Gentile Dottoressa, mi rivolgo a lei perché non so più davvero che pesci prendere. La mia bambina, nata a Dicembre 2014 (3 anni e 4 mesi oggi),ha iniziato lo spannolinamento ad Agosto scorso in vista dell'inizio della scuola materna. Il percorso è stato molto lungo ed in salita, abbiamo cominciato serenamente, e dopo un mese ritenevamo di avercela fatta. Tuttavia, al secondo mese di scuola materna ha: prima ricominciato a farsi addosso cacca e pipì rifiutandosi di andare in bagno e sedersi sul gabinetto "perché troppo impegnata a giocare/leggere ecc..."; poi sul fronte pipì si è assestata peggiorando decisamente sulla cacca. Mi spiego meglio: se a casa e scuola fa la pipì nel water(ricordandoglielo ogni 2 ore), la cacca la fa o addosso(3/4 volte al giorno) o la trattiene (anche per 7 giorni fino a ricorrere al Meyer per il sondino).

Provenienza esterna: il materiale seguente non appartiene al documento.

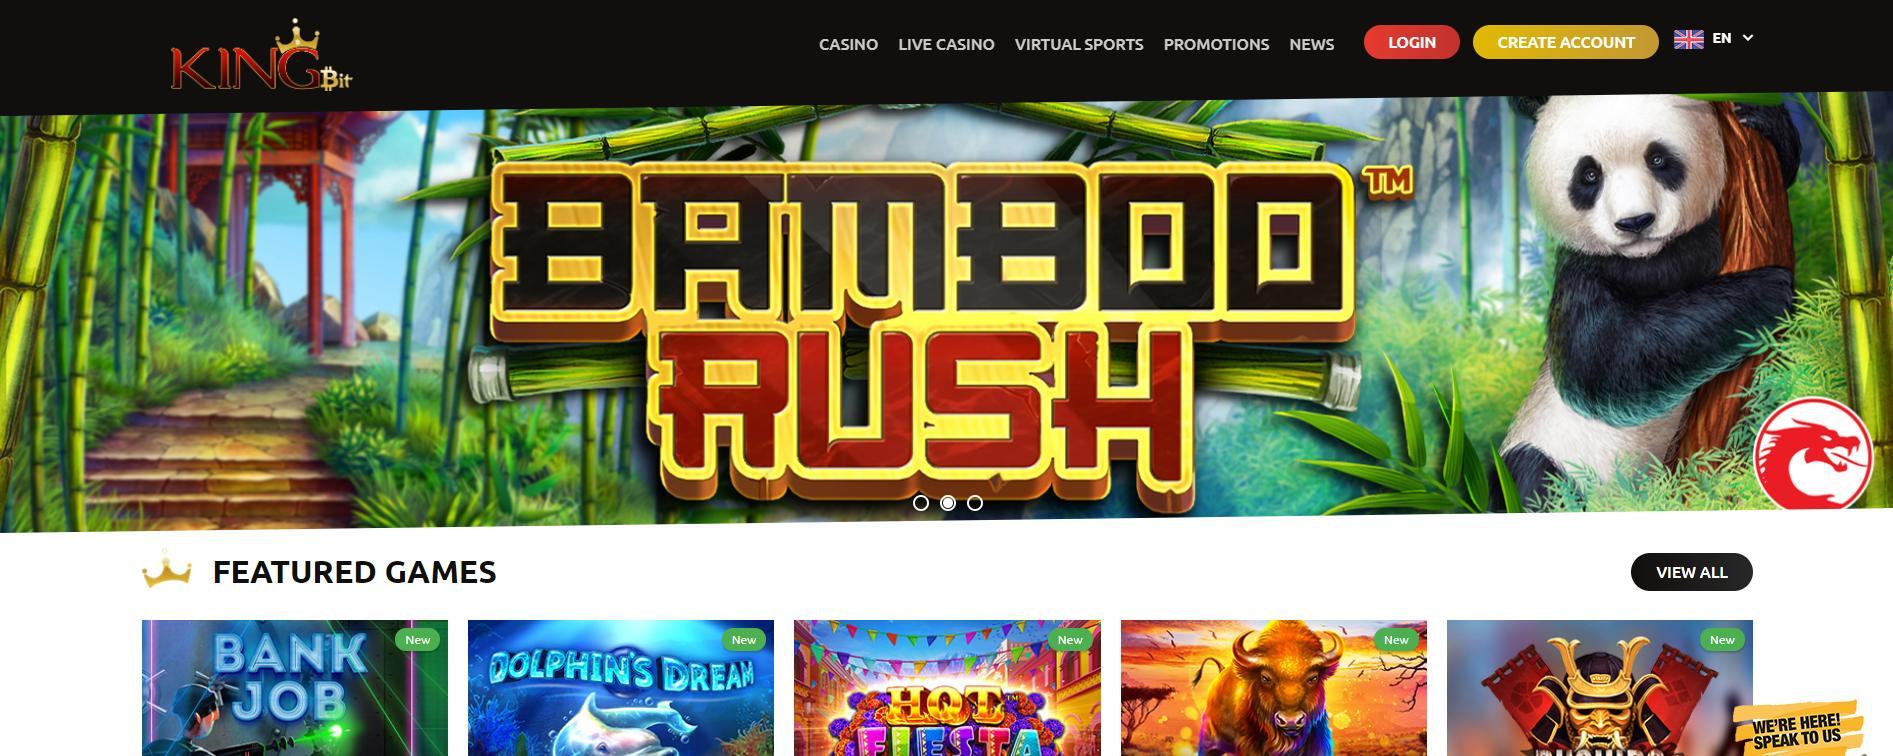 kingbit home page

Abbiamo provato dalle schede a punti per i premi, a non rimproverarla, al farci aiutare a ripulire la cacca, a non colpevolizzarla, a responsabilizzarla, a coccolarla... di tutto di più, ma ad oggi il risultato è: faccio la cacca addosso(MAI NEL PANNOLINO)e non nel water una volta perché "ho da fare" ed un'altra volta "perchè non la so fare nel water". Le maestre e la pediatra mi dicono di stare tranquilla che da sola troverà la sua strada ma adesso sono passati diversi mesi e sinceramente, per prima la bimba ma anche noi, siamo molto frustrati da questa situazione. Abbiamo cambiato alimentazione, riuscendo almeno ad ammorbidire le feci, ma il problema di certo non mi pare la stipsi. Cosa possiamo fare (o cosa non possiamo fare?) Grazie infinite.
D.S.
 
Gentilissima D.S.,
da quello che mi scrive mi rendo conto di quanta volontà ed energia avete investito nell'educare la vostra bambina a raggiungere il controllo sfinterico e, in seguito, a cercare di trovare la soluzione migliore per fronteggiare le difficoltà sopraggiunte.
Sarebbe importante cercare di comprendere quale possa essere stata la causa scatenante di queste difficoltà. Un colloquio storico-personale e la verifica delle Potenzialità, Abilità e Disponibilità della bambina, sarebbe per me molto utile per poter avere un quadro più completo. In questa sede possiamo comunque compiere alcune riflessioni: raggiungere l'autonomia è un percorso che porta il bambino a percepire un graduale distacco dai genitori e questo potrebbe spaventare in un primo momento, facendo scattare dei comportamenti che servono a mettere alla prova l'amore di mamma e papà, per essere sicuri di essere sempre al centro della loro attenzione. Si potrebbe cercare di vivere la routine dell'igiene personale nel modo più sereno possibile, senza caricare questo momento di eccessive aspettative. Tra i vari metodi del Pedagogista in Aiuto alla Persona (Clinico), possono essere di aiuto le PsicoFiabe® un metodo che facilita l'affermazione progressiva della personalità utilizzando la fiaba quale metafora della vita, uno strumento in grado di sollecitare il bambino ad affrontare e vincere le proprie difficoltà.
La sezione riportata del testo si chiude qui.